La versione con fibra ottica FSL 500C6Y00 funziona esattamente al contrario. In assenza di fluido non emette luce diretta al ricevitore. Solo se un fluido raggiunge il campo di rilevamento, una parte della luce emessa viene deviata anche in direzione del ricevitore. Il vantaggio della struttura con matrice di fibre ottiche con un’area sorvegliata di circa 5 mm è che è possibile annullare le interferenze dovute a schiuma e piccole bolle d’aria.
Misurazione di livello con potenziometro:
un potenziometro rappresenta un sensore angolare basato sul principio di misurazione raziometrico. Il rapporto matematico mostra che l’uscita digitale sul trasduttore A/D è indipendente dalla tensione di comando UP e dal valore della resistenza RP.

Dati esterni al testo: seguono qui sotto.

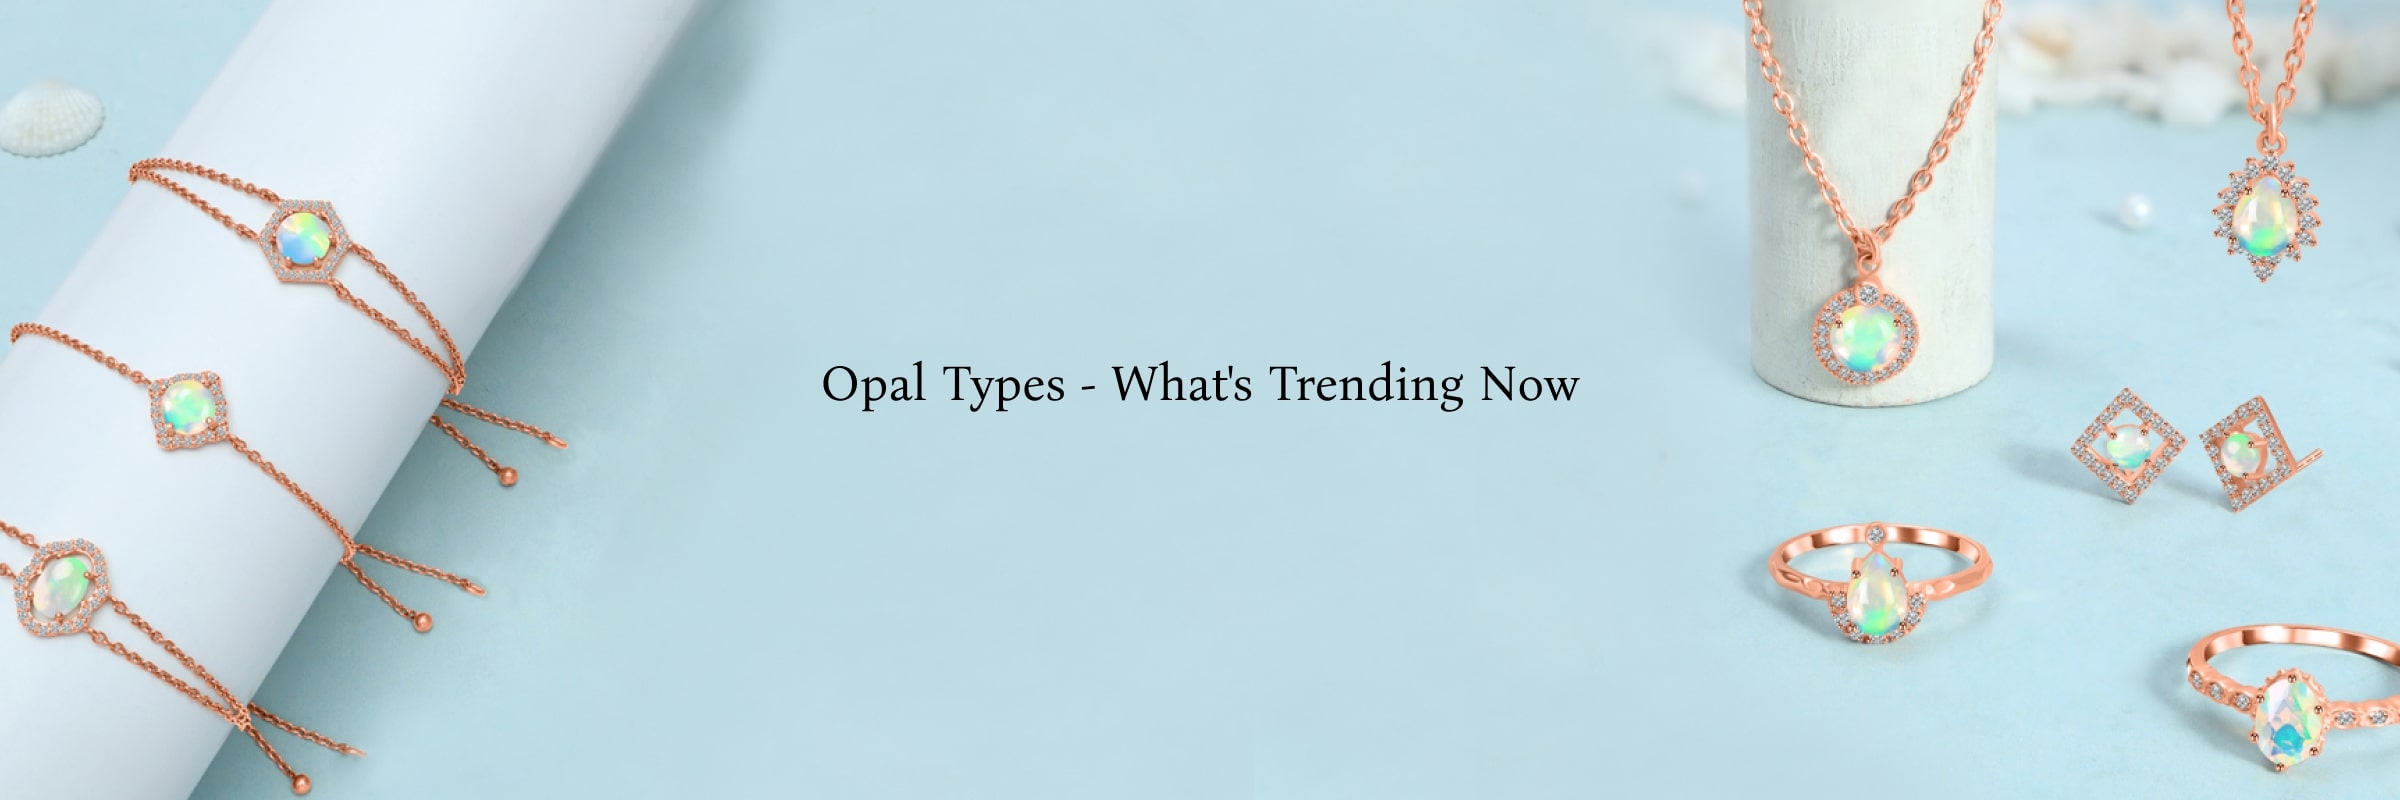 Most Popular Opal Types

L'implementazione di questo principio utilizza, per la via a scorrimento virtuale, un tubo elettricamente conduttivo che viene alimentato da una sorgente di tensione a potenziale zero UP. Una caduta di tensione lineare è prodotta dal flusso di corrente lungo questo tubo. La sostanza in cui si sviluppa il corrispondente campo bipolare per la superficie equipotenziale della parete conduttiva del serbatoio o di un elettrodo ausiliario forma lo scorrimento. Le due resistenze di ricambio equivalenti RM1 e RM2 rappresentano questo come un divisore di tensione 1:1. La tensione asimmetrica tra il serbatoio o l'elettrodo ausiliario e un polo della sorgente di tensione per il segnale di misura UM, che è lineare al livello e radiometrica alla metà dell'ampiezza della sorgente di tensione UP in base alla lunghezza del tubo.